The TPP has yet to be negotiated, but its 11 would-be signatories include sizeable economies such as Japan, Mexico, Canada and Australia.
The US had also signalled its intent to sign up under the Obama administration, only for Donald Trump to pull out of the deal just days into his presidency.
Mr Trump repeatedly railed against the deal on the campaign trail, calling it a "disaster" which would destroy American jobs.
But British officials are now scoping out the possibility of joining up, despite the UK being thousands of miles from the Pacific Rim area.
Trade minister Greg Hands told the Financial Times that "with these kind of plurilateral relationships, there doesn’t have to be any geographical restriction”.
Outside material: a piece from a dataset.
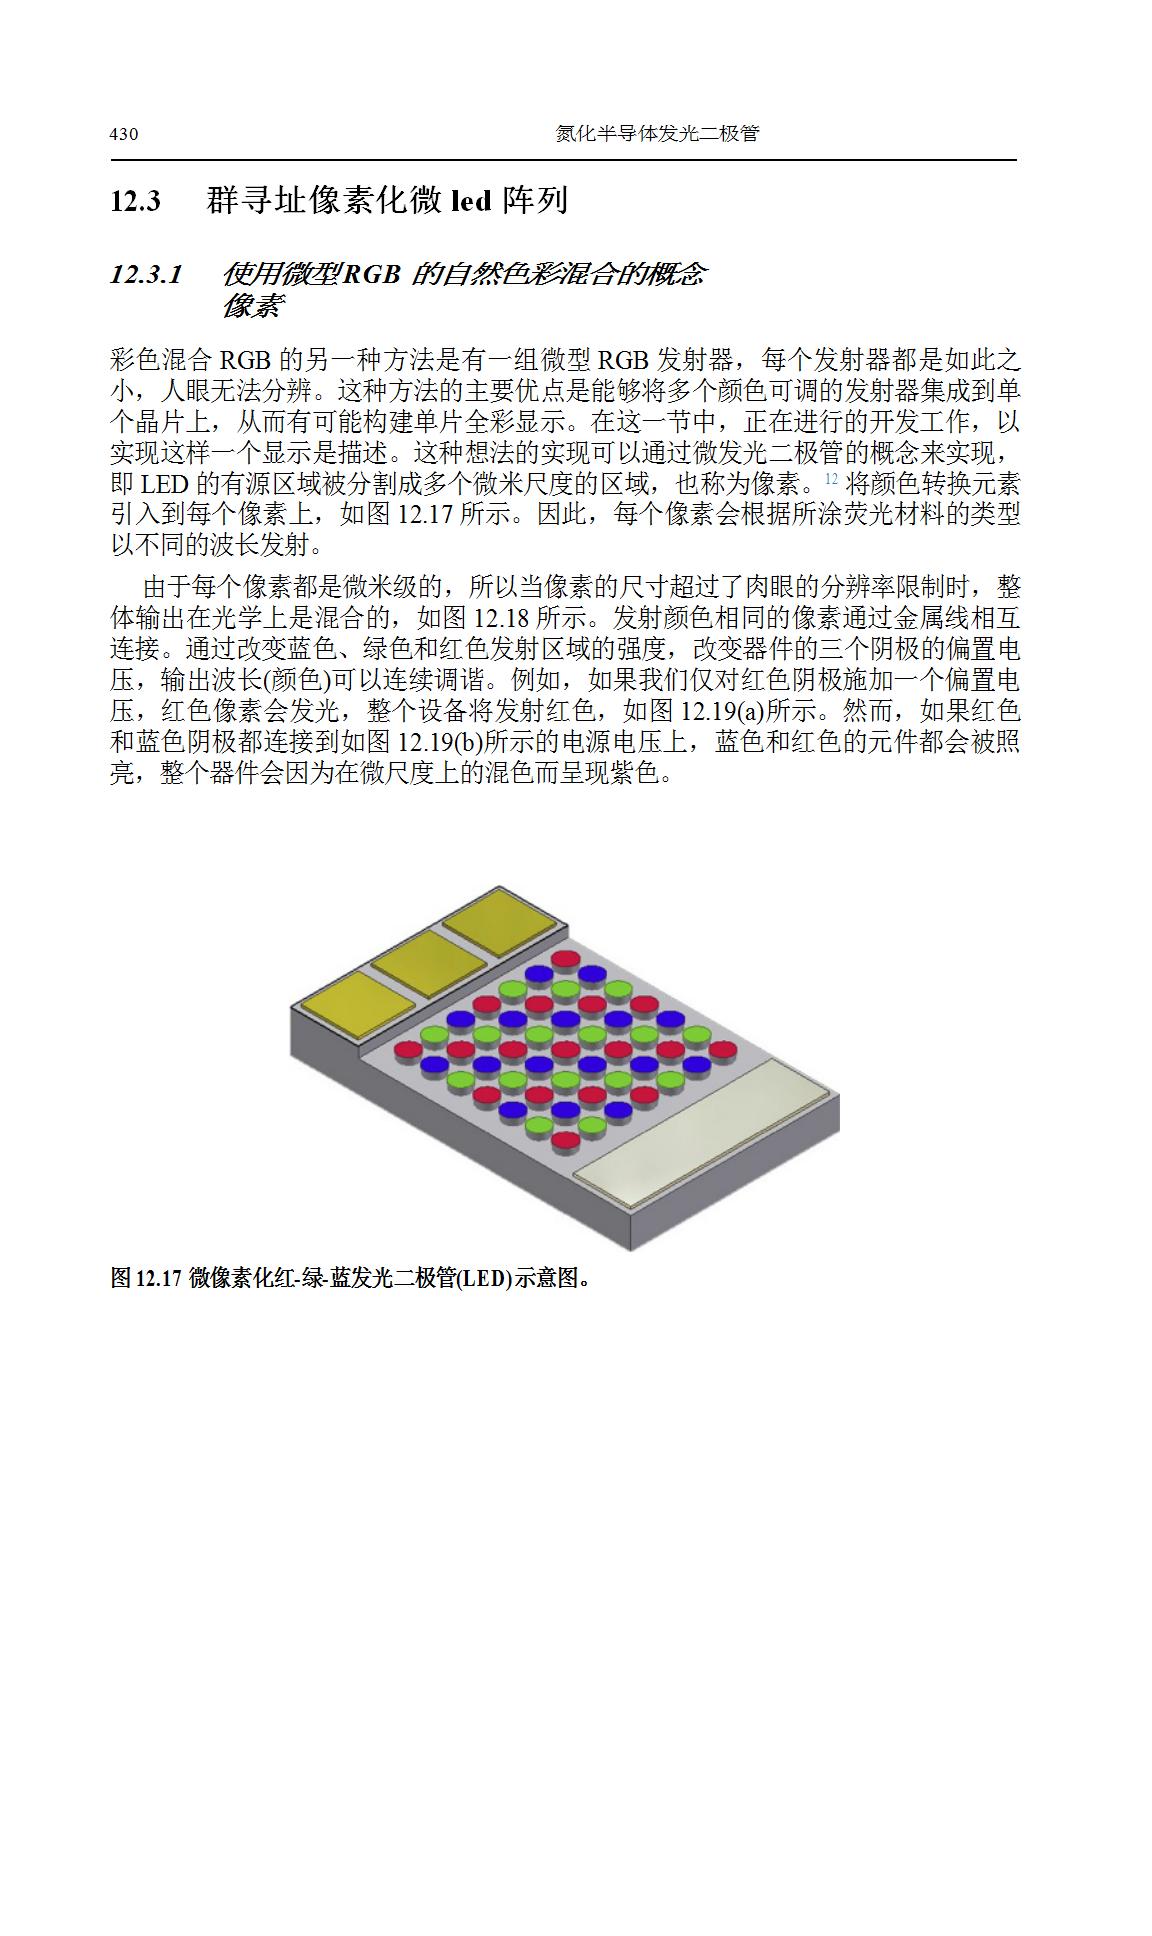 LED调色和像素化MicroLED阵列研究  第16张

Elsewhere, International Trade Secretary Liam Fox fired a New Year’s message to pro-European campaigners, telling them to “get beyond the obsession with criticising Brexit”.
In a piece for ConservativeHome, Dr Fox suggested it was “easy to get the impression that these people would rather see Britain fail than see Brexit succeed”.
“One of my most frequent, and frustrating, experiences of 2017 was returning from a positive and optimistic international visit only to encounter a wave of negativism at home,” he wrote.
“The interest being shown in Britain overseas, and an increasing willingness to trade and invest with us, was in stark contrast to the self-defeating pessimism that is too often on show from certain politicians, commentators and media outlets over here.”